(Beginning of AVAILABLE DATA)

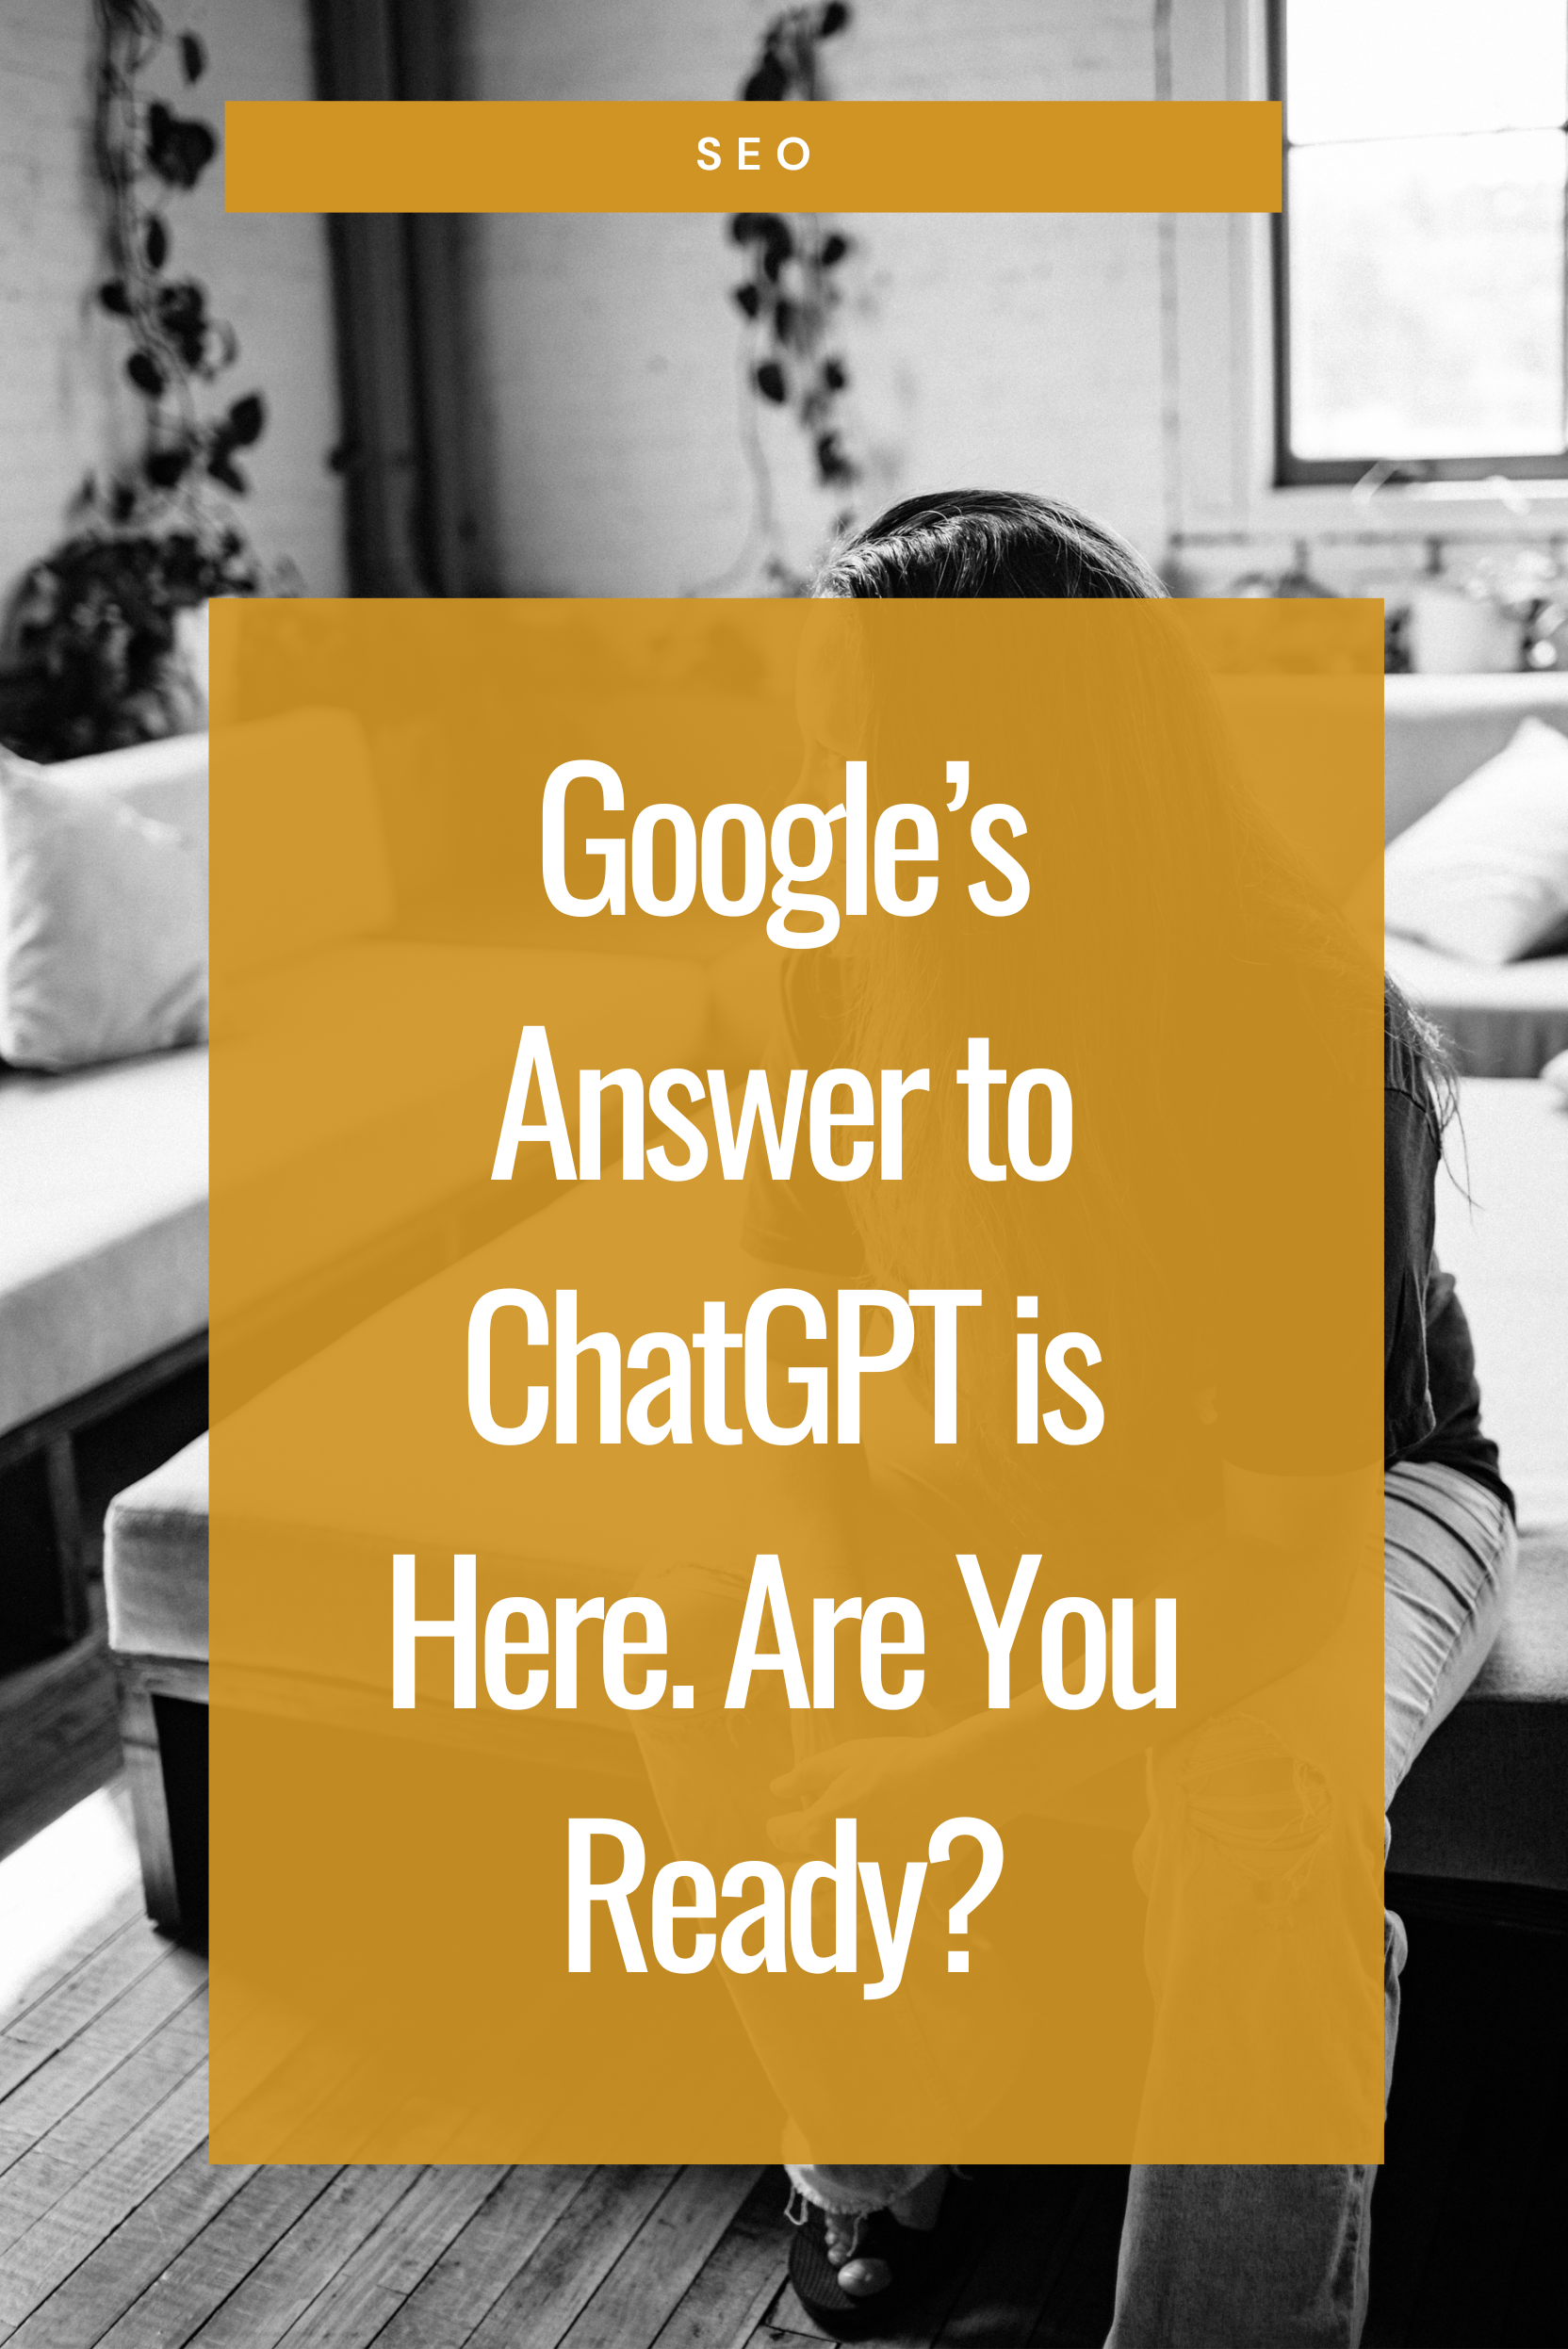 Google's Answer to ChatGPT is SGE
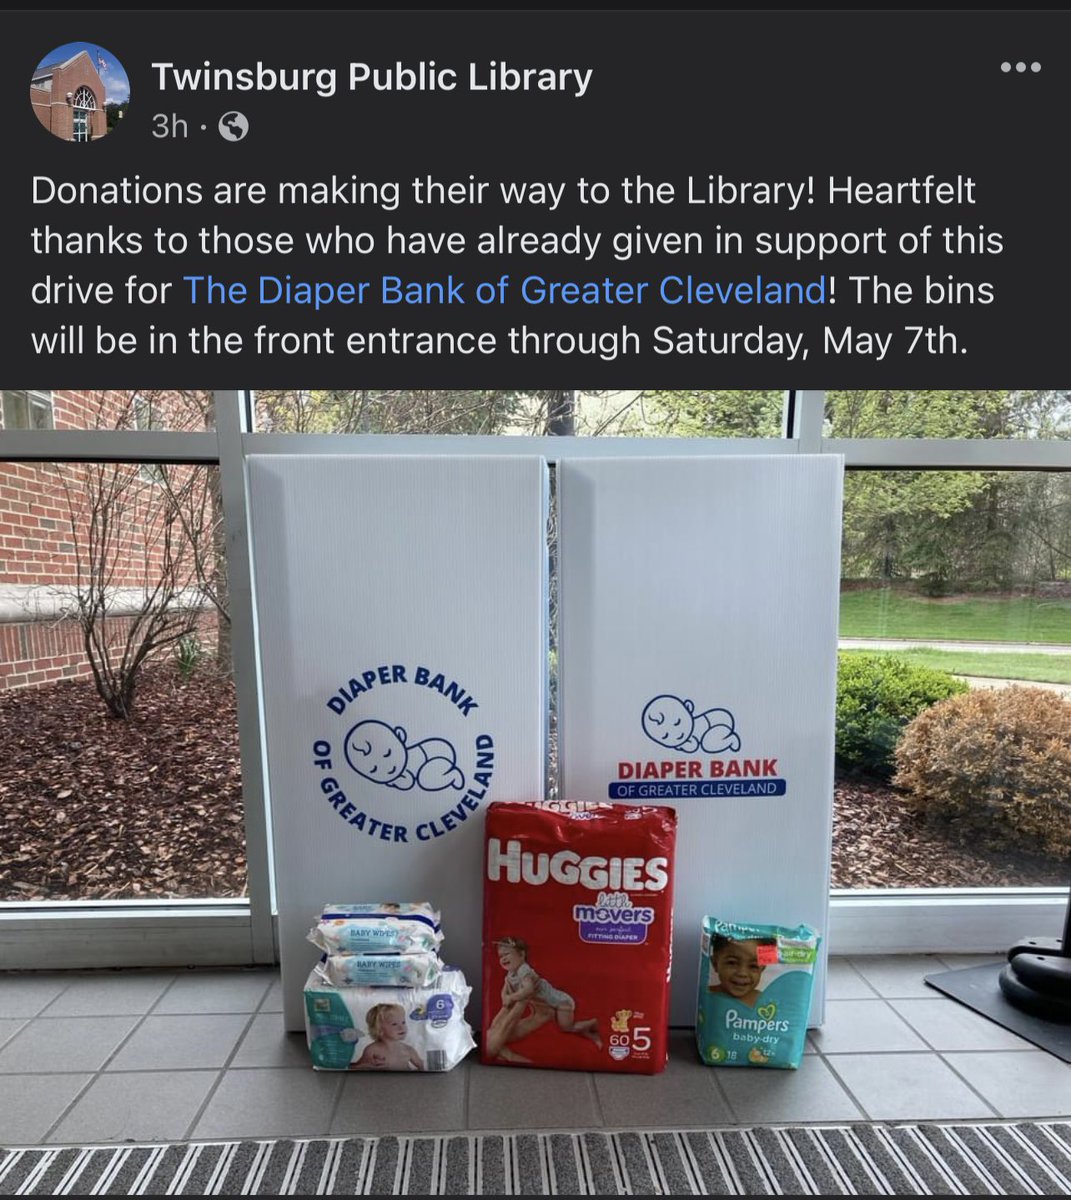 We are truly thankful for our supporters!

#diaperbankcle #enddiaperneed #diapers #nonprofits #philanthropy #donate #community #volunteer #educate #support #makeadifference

(End of AVAILABLE DATA)

* TASK DIRECTIONS *
Return the listing verbatim; pictures are not part of the copy.

* ANSWER FOR THE TASK *
 Google's Answer to ChatGPT is SGE
 We are truly thankful for our supporters!

#diaperbankcle #enddiaperneed #diapers #nonprofits #philanthropy #donate #community #volunteer #educate #support #makeadifference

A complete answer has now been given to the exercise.